WOONSOCKET — A team of real estate inspectors is expected to begin working in the field within a few days as the first full-blown property revaluation in a decade gets under way, tax officials say.

Although the process is the first of its kind since 1998, it’s been even longer since a revaluation has taken place while real estate values are in the midst of a major nosedive. That hasn’t happened since at least 1988, says Tax Assessor Arthur Bouchard.
While it seems safe to say that property values will be trending downward, it’s impossible to forecast the depth of the trough, or what effect it will have on individual tax bills, says the tax assessor. The decline in property values will probably be most pronounced in marginal or blighted areas, he adds.
“It’s too early to make any determinations how this will affect the average taxpayer,” says Bouchard. “There’s just too many variables to put out a statistic on it that’s going to apply throughout the city.”
State law compels the city to perform revaluation on a regular basis so that all property owners are taxed on values that are current. Every three years, cities and towns may perform an abbreviated version of the process using recent property sales as a gauge for making adjustments in the overall tax base.
Once each decade, however, municipalities must perform a much more rigorous, hands-on version of revaluation that involves physical inspection of every parcel in the city, and the collection of reams of fresh data.
Vision Appraisal Technologies of Northborough, Mass., was recently hired to perform the process at a cost of $448,600. The company is under contract to inspect 7,565 homes, as well as several hundred more parcels, including condominiums, apartment houses, commercial buildings and vacant land, according to Bouchard.
A Vision Appraisal crew will set up shop on the fourth floor of City Hall on Monday and is expected to begin field work within a week, if not sooner, said Bouchard. Their goal is to determine property values as they exist on Dec. 31, 2008.

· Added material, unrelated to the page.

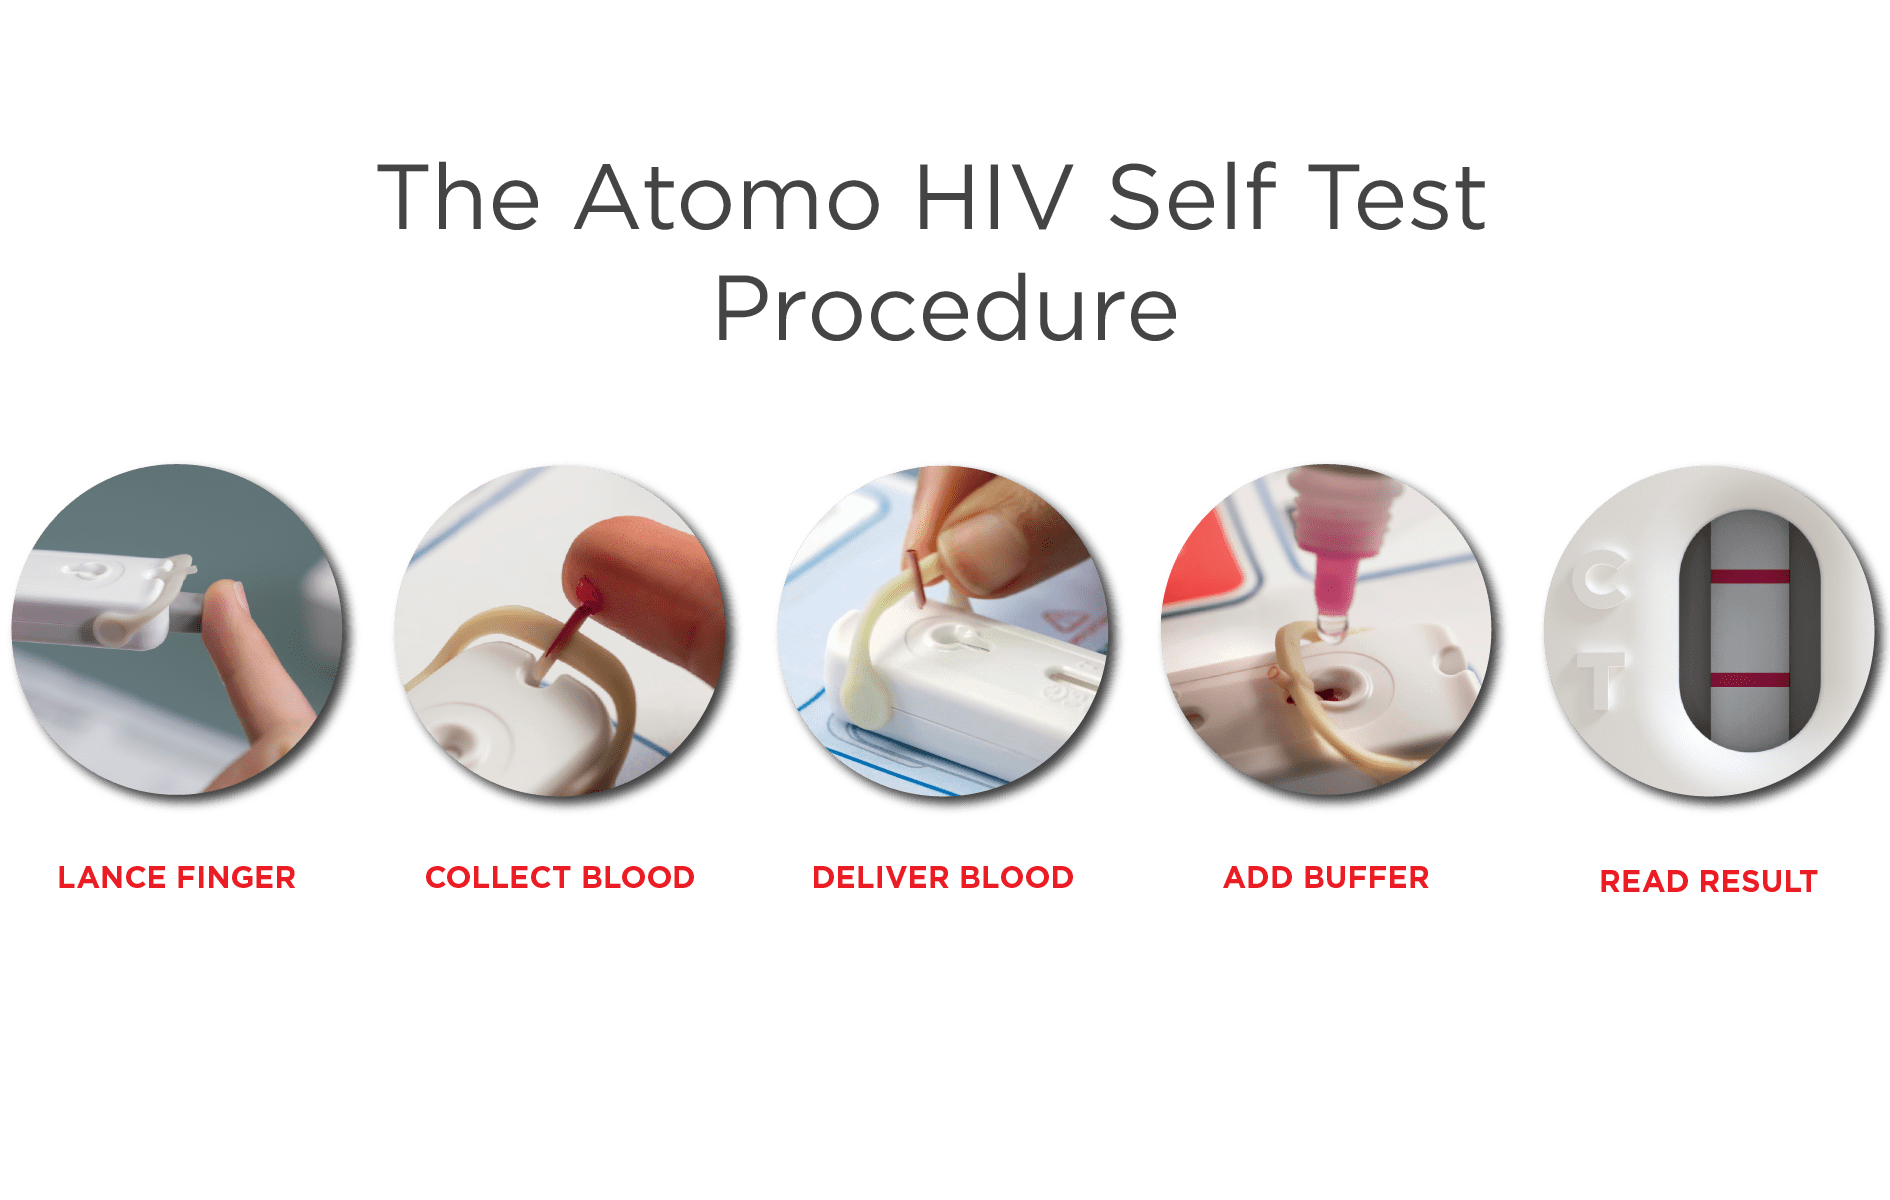 Step-by-step guide on how to perform an Atomo HIV self-test for quick results

Individual property owners will be notified of their new assessments shortly after Vision Appaisal has completed the revaluation for the entire city, probably no later than April 2009, according to Bouchard. Those values will form the basis of tax bills the city will issue in July 2009 for the ensuing fiscal year.
Residents who think their assessments are too high may initially petition Vision Appraisal for an adjustment. The Tax Assessment Board of Review is the next avenue of appeal, followed by the Superior Court.
From Westerly to Washington State, there is no dearth of real estate indices of late chronicling the historic plunge in housing values, but it’s far too soon to tell how that will affect the pocketbooks of local residents in the wake of revaluation, according to Bouchard. There is plenty of confusion associated with revaluation, but the simple truth is that the city, by law, may collect no more in taxes than it needs to balance the budget — regardless of the worth of the real estate contained within its borders.
Thus, says Bouchard, if property values decline, the tax rate will likely have to be increased proportionally in order to keep tax collections constant. But that does not mean that individual tax bills will also rise — at least not all of them. The rule of thumb for revaluation, he says, is a third of all tax bills will increase, a third will decline and the balance will remain unchanged.
There may be no precedent in recent history for a revaluation in the midst of a major contraction in the housing market, said Bouchard. Perhaps the best comparison came in 1988, when revaluation took place on the eve of a significant collapse in housing prices. The problem, said Bouchard, was that the official recorded values reflected the top of the market, just before the bottom fell out.
After appraisal notices were distributed, many residents complained that they could not sell their homes for the comparatively high values the city was taxing them on. Despite the complaints, it wasn’t until the next revaluation, three years later, that the city was able to resolve many of the problems.
“It was something similar to the situation we’re in now,” said Bouchard. “In fact, I think it was a little bit worse.”